▸ Exercise instructions
So that the copy matches the original, retype each line of the material below exactly.

- - -

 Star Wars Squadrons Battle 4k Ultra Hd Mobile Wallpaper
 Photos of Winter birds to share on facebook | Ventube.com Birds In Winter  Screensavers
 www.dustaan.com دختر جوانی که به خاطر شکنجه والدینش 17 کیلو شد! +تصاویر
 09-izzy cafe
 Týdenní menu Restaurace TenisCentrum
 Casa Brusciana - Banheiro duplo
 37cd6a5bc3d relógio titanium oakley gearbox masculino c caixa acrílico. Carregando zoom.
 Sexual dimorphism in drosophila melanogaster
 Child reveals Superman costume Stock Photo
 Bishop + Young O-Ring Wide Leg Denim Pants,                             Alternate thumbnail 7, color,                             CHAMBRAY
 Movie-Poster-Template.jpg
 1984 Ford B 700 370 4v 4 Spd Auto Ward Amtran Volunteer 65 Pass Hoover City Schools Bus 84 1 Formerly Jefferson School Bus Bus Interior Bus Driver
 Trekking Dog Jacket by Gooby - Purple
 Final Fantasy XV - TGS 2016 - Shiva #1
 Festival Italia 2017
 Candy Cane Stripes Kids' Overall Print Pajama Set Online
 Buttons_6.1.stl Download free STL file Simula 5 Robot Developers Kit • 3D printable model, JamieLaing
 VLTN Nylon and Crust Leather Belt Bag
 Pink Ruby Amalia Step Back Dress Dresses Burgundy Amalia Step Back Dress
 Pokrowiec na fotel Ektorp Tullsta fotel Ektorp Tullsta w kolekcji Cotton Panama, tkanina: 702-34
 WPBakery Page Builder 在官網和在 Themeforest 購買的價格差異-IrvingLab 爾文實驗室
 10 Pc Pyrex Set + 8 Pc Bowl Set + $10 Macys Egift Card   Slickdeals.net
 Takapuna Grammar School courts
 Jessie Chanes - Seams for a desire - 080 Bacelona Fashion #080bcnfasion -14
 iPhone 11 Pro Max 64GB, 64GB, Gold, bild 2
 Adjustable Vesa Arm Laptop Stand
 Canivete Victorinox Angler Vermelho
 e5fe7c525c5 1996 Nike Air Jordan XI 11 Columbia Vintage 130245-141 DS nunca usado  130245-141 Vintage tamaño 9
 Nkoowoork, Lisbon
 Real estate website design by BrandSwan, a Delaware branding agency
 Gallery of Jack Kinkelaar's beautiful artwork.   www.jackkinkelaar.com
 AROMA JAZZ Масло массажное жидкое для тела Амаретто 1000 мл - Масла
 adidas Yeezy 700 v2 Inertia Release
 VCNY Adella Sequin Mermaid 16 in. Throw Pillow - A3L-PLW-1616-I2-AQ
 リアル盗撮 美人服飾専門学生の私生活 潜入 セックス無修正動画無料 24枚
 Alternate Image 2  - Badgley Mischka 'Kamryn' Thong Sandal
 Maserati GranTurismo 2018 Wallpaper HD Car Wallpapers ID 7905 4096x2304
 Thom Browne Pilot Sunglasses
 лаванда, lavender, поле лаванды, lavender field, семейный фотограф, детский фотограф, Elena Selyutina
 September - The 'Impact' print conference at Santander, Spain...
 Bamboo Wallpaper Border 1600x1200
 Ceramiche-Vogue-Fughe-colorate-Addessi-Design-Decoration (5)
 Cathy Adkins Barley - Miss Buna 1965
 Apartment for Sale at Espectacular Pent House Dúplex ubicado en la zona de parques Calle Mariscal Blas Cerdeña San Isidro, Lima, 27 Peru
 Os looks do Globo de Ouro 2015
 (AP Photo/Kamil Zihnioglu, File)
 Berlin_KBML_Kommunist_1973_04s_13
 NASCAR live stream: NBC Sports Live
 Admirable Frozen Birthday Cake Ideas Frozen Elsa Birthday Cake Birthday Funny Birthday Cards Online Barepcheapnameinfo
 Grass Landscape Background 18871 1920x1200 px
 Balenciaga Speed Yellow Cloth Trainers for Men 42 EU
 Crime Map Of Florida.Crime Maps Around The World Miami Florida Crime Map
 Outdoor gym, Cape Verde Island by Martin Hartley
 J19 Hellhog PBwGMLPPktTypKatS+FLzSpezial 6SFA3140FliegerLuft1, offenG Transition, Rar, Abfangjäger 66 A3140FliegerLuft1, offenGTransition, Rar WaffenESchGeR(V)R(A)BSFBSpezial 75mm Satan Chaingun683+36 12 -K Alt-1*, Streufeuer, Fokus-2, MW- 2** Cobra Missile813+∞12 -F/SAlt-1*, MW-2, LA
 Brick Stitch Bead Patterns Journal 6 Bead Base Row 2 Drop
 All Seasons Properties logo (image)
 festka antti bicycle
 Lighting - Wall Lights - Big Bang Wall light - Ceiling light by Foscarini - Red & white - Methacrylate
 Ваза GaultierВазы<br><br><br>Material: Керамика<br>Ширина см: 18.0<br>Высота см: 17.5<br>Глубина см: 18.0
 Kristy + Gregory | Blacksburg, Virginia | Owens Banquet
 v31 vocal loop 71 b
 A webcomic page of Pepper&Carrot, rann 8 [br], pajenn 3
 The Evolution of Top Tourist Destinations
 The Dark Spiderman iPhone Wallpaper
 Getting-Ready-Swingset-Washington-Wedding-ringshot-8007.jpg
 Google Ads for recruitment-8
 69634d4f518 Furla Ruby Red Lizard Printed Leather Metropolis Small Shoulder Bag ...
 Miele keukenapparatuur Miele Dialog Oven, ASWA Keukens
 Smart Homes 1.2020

- - -

▸ Result for this exercise
 Star Wars Squadrons Battle 4k Ultra Hd Mobile Wallpaper
 Photos of Winter birds to share on facebook | Ventube.com Birds In Winter  Screensavers
 www.dustaan.com دختر جوانی که به خاطر شکنجه والدینش 17 کیلو شد! +تصاویر
 09-izzy cafe
 Týdenní menu Restaurace TenisCentrum
 Casa Brusciana - Banheiro duplo
 37cd6a5bc3d relógio titanium oakley gearbox masculino c caixa acrílico. Carregando zoom.
 Sexual dimorphism in drosophila melanogaster
 Child reveals Superman costume Stock Photo
 Bishop + Young O-Ring Wide Leg Denim Pants,                             Alternate thumbnail 7, color,                             CHAMBRAY
 Movie-Poster-Template.jpg
 1984 Ford B 700 370 4v 4 Spd Auto Ward Amtran Volunteer 65 Pass Hoover City Schools Bus 84 1 Formerly Jefferson School Bus Bus Interior Bus Driver
 Trekking Dog Jacket by Gooby - Purple
 Final Fantasy XV - TGS 2016 - Shiva #1
 Festival Italia 2017
 Candy Cane Stripes Kids' Overall Print Pajama Set Online
 Buttons_6.1.stl Download free STL file Simula 5 Robot Developers Kit • 3D printable model, JamieLaing
 VLTN Nylon and Crust Leather Belt Bag
 Pink Ruby Amalia Step Back Dress Dresses Burgundy Amalia Step Back Dress
 Pokrowiec na fotel Ektorp Tullsta fotel Ektorp Tullsta w kolekcji Cotton Panama, tkanina: 702-34
 WPBakery Page Builder 在官網和在 Themeforest 購買的價格差異-IrvingLab 爾文實驗室
 10 Pc Pyrex Set + 8 Pc Bowl Set + $10 Macys Egift Card   Slickdeals.net
 Takapuna Grammar School courts
 Jessie Chanes - Seams for a desire - 080 Bacelona Fashion #080bcnfasion -14
 iPhone 11 Pro Max 64GB, 64GB, Gold, bild 2
 Adjustable Vesa Arm Laptop Stand
 Canivete Victorinox Angler Vermelho
 e5fe7c525c5 1996 Nike Air Jordan XI 11 Columbia Vintage 130245-141 DS nunca usado  130245-141 Vintage tamaño 9
 Nkoowoork, Lisbon
 Real estate website design by BrandSwan, a Delaware branding agency
 Gallery of Jack Kinkelaar's beautiful artwork.   www.jackkinkelaar.com
 AROMA JAZZ Масло массажное жидкое для тела Амаретто 1000 мл - Масла
 adidas Yeezy 700 v2 Inertia Release
 VCNY Adella Sequin Mermaid 16 in. Throw Pillow - A3L-PLW-1616-I2-AQ
 リアル盗撮 美人服飾専門学生の私生活 潜入 セックス無修正動画無料 24枚
 Alternate Image 2  - Badgley Mischka 'Kamryn' Thong Sandal
 Maserati GranTurismo 2018 Wallpaper HD Car Wallpapers ID 7905 4096x2304
 Thom Browne Pilot Sunglasses
 лаванда, lavender, поле лаванды, lavender field, семейный фотограф, детский фотограф, Elena Selyutina
 September - The 'Impact' print conference at Santander, Spain...
 Bamboo Wallpaper Border 1600x1200
 Ceramiche-Vogue-Fughe-colorate-Addessi-Design-Decoration (5)
 Cathy Adkins Barley - Miss Buna 1965
 Apartment for Sale at Espectacular Pent House Dúplex ubicado en la zona de parques Calle Mariscal Blas Cerdeña San Isidro, Lima, 27 Peru
 Os looks do Globo de Ouro 2015
 (AP Photo/Kamil Zihnioglu, File)
 Berlin_KBML_Kommunist_1973_04s_13
 NASCAR live stream: NBC Sports Live
 Admirable Frozen Birthday Cake Ideas Frozen Elsa Birthday Cake Birthday Funny Birthday Cards Online Barepcheapnameinfo
 Grass Landscape Background 18871 1920x1200 px
 Balenciaga Speed Yellow Cloth Trainers for Men 42 EU
 Crime Map Of Florida.Crime Maps Around The World Miami Florida Crime Map
 Outdoor gym, Cape Verde Island by Martin Hartley
 J19 Hellhog PBwGMLPPktTypKatS+FLzSpezial 6SFA3140FliegerLuft1, offenG Transition, Rar, Abfangjäger 66 A3140FliegerLuft1, offenGTransition, Rar WaffenESchGeR(V)R(A)BSFBSpezial 75mm Satan Chaingun683+36 12 -K Alt-1*, Streufeuer, Fokus-2, MW- 2** Cobra Missile813+∞12 -F/SAlt-1*, MW-2, LA
 Brick Stitch Bead Patterns Journal 6 Bead Base Row 2 Drop
 All Seasons Properties logo (image)
 festka antti bicycle
 Lighting - Wall Lights - Big Bang Wall light - Ceiling light by Foscarini - Red & white - Methacrylate
 Ваза GaultierВазы<br><br><br>Material: Керамика<br>Ширина см: 18.0<br>Высота см: 17.5<br>Глубина см: 18.0
 Kristy + Gregory | Blacksburg, Virginia | Owens Banquet
 v31 vocal loop 71 b
 A webcomic page of Pepper&Carrot, rann 8 [br], pajenn 3
 The Evolution of Top Tourist Destinations
 The Dark Spiderman iPhone Wallpaper
 Getting-Ready-Swingset-Washington-Wedding-ringshot-8007.jpg
 Google Ads for recruitment-8
 69634d4f518 Furla Ruby Red Lizard Printed Leather Metropolis Small Shoulder Bag ...
 Miele keukenapparatuur Miele Dialog Oven, ASWA Keukens
 Smart Homes 1.2020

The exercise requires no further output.